# Türschild?



## LordXtra (27. März 2002)

Heilsa zusammen,
ich denke grade über ein Design für ein Türschild nach.
Also ich wohne in nem Mehrfamilienhaus ganz oben und wollte ein cooles Türschild machen. Einfach ausdrucken und an die Wand, nur bin ich noch am grübeln und hab momentan ne kreative Phase. Hättet ihr da ne Idee was sich da so eignen würde? Was würdet ihr machen?


----------



## nickname (27. März 2002)

Naja, ich würds klassisch machen, mit metalleffekt, halt goldenen oder silberfarbenen Verlauf und noch mit Relief oder Plastik, für den plastischen Effekt!

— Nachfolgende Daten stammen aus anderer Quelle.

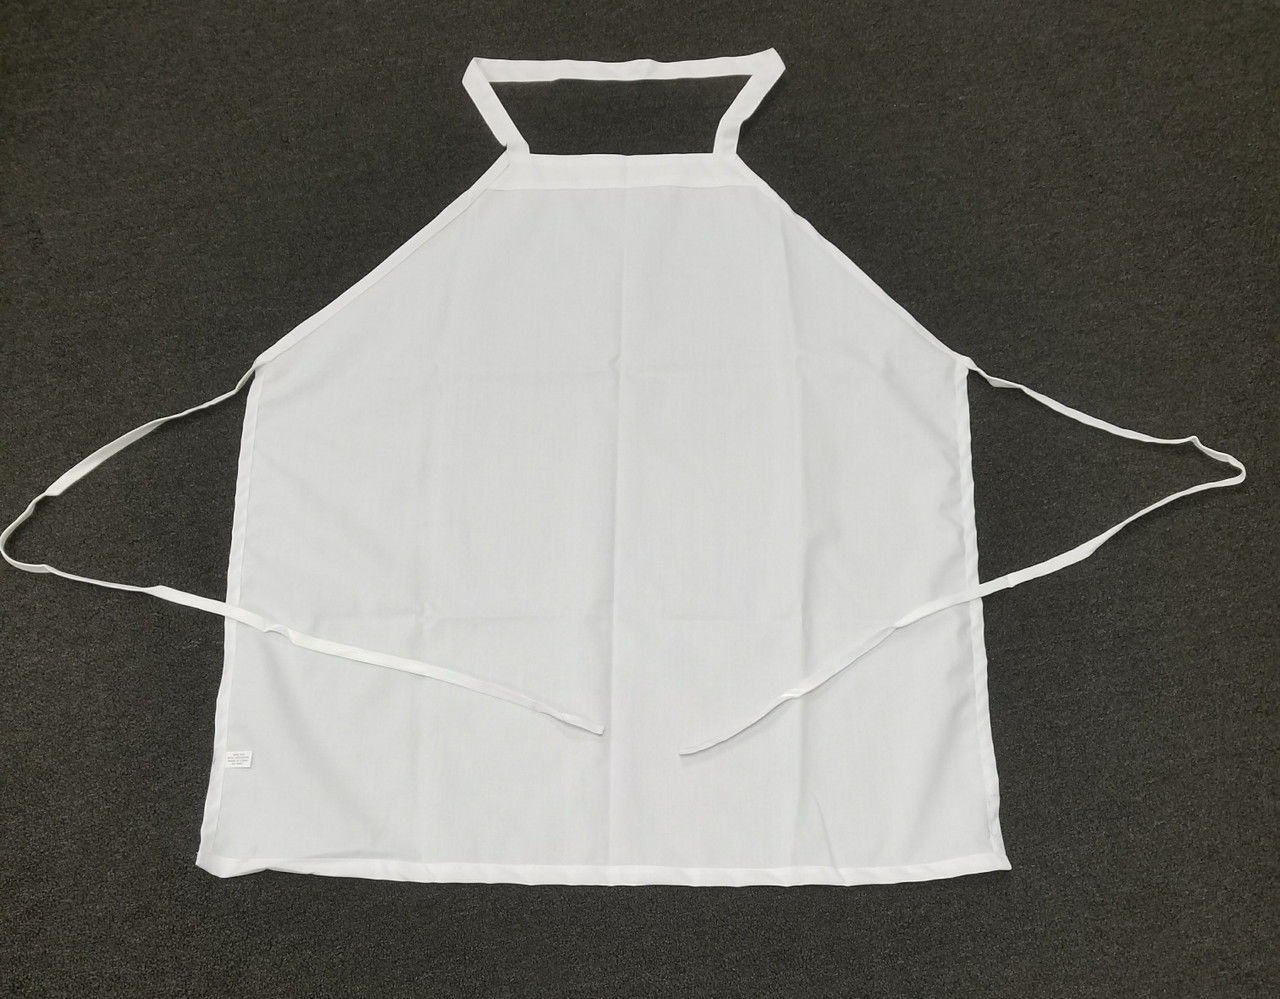 Do these white chef aprons come with pockets?

Und die Schrauben nicht vergessen  .

Gruss nickname :| 


P.S. Das Beispiel war mal für eine Site als Button bestimmt, ist aber im Corel gemacht.


----------



## subzero (27. März 2002)

das is gut...würde es noch so ein stanzen..also die schrift........


----------



## nickname (27. März 2002)

Danke für die Lorbeeren, ein Effekt wäre erst beim onmouseover gekommen, aber der Button kam denn doch nicht zum Einsatz, aber ich heb ja alles auf, man weiss ja nie  , und so konnte ich ihn doch schnell als Beispiel mit einfügen  .

Gruss nickname :|


----------